Lala's greatest claim to fame so far was the agreement to serve up free music streams to Google's updated music search functions. There's also a popular Lala application for sending musical gifts around Facebook, and there's a mobile application in the works. Lala sports a clever licensing scheme that allows you to buy songs for download at prices comparable to Apple's own iTunes, or pay a much smaller fee for the right to stream songs you own from "the cloud" on demand.

Apple should eventually put Lala's engineers to work on a streaming option within iTunes. The fixed-price iTunes model has worked well so far, but the times, they are a-changing. Services such as Hulu and YouTube have shown that streaming media works well for consumers, and now everyone is scrambling to figure out how to make it work as a business, too. Sometimes we forget that YouTube didn't even exist five years ago. What's more, streaming makes piracy walk the plank. Apple must change to keep up with customer tastes.

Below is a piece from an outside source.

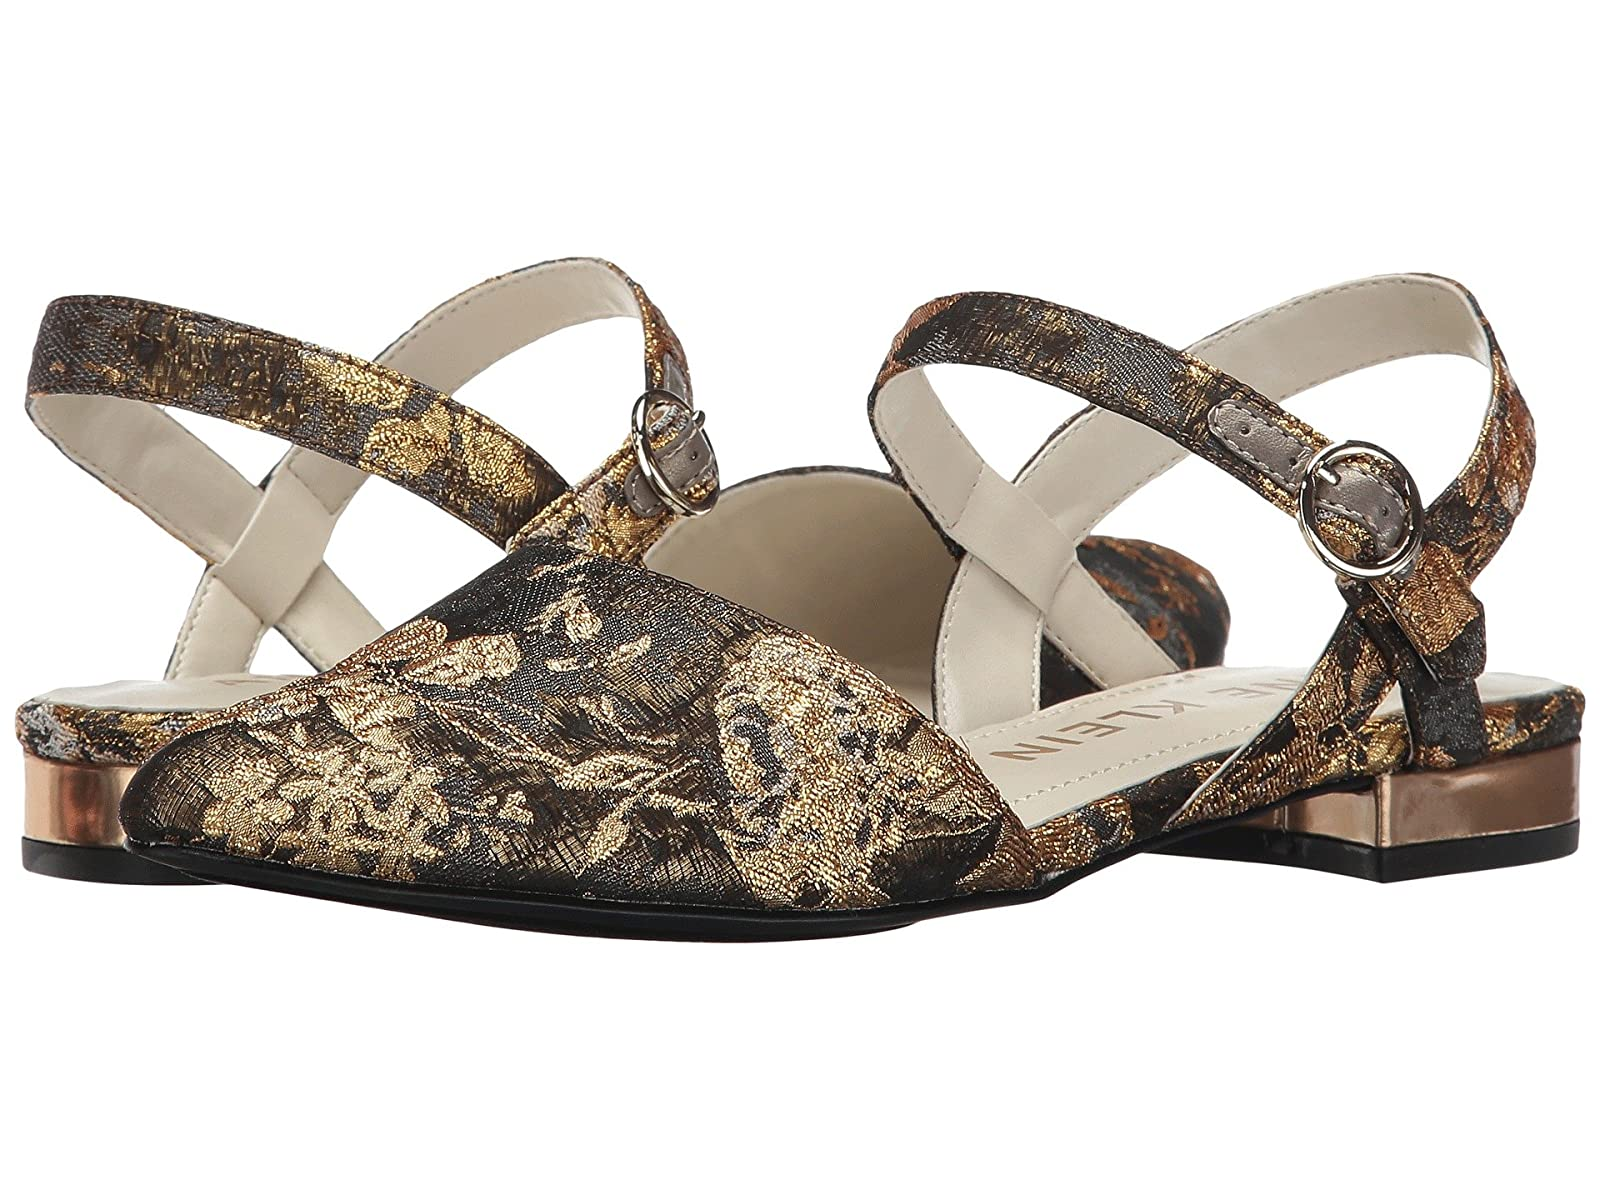 Anne Klein OdellCheap and distinctive eye-catching shoes

Of course, Apple could afford to make a much bigger bet than handing out pocket change for a few new hires. Apple has bought four companies in the past six years, according to Capital IQ, and none of those deals has been particularly large. I mean, if Apple truly wanted to kickstart a streaming service, Rhapsody parent RealNetworks (NASDAQ:RNWK) would be a mere morsel at less than $1 billion. Privately held Pandora wouldn't be terribly expensive, either, but it could make a big difference. Pandora is more popular than Sirius XM Satellite Radio (NASDAQ:SIRI) in some circles; it continues to be one of the most popular app-store downloads.

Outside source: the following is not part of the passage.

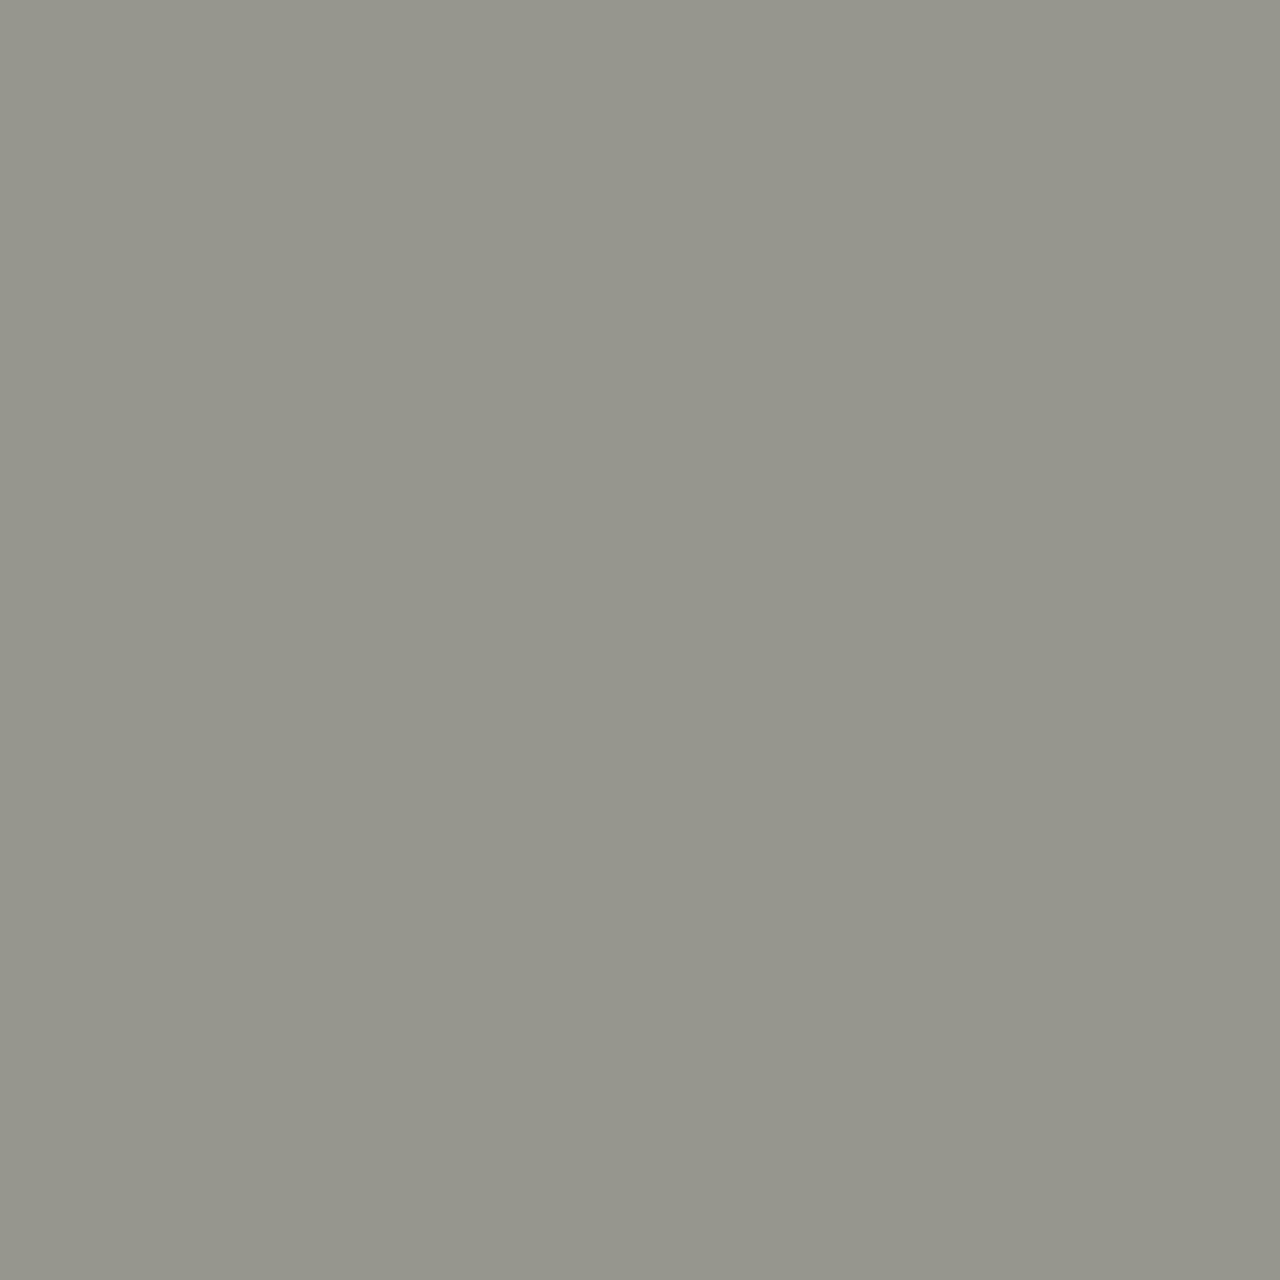 Middle Grey Oracal 631 Matte Vinyl Rolls

I'm not saying Apple will buy a big music-streaming service -- I'm just saying that it should. What do you think? Let me know in the comments below.

Fool contributor Anders Bylund owns shares in Google, but he holds no other position in any of the companies discussed here. Google is a Motley Fool Rule Breakers recommendation. Apple is a Motley Fool Stock Advisor selection. The Fool owns shares of Oracle. Try any of our Foolish newsletter services free for 30 days. You can check out Anders' holdings and a concise bio if you like, and The Motley Fool is investors writing for investors.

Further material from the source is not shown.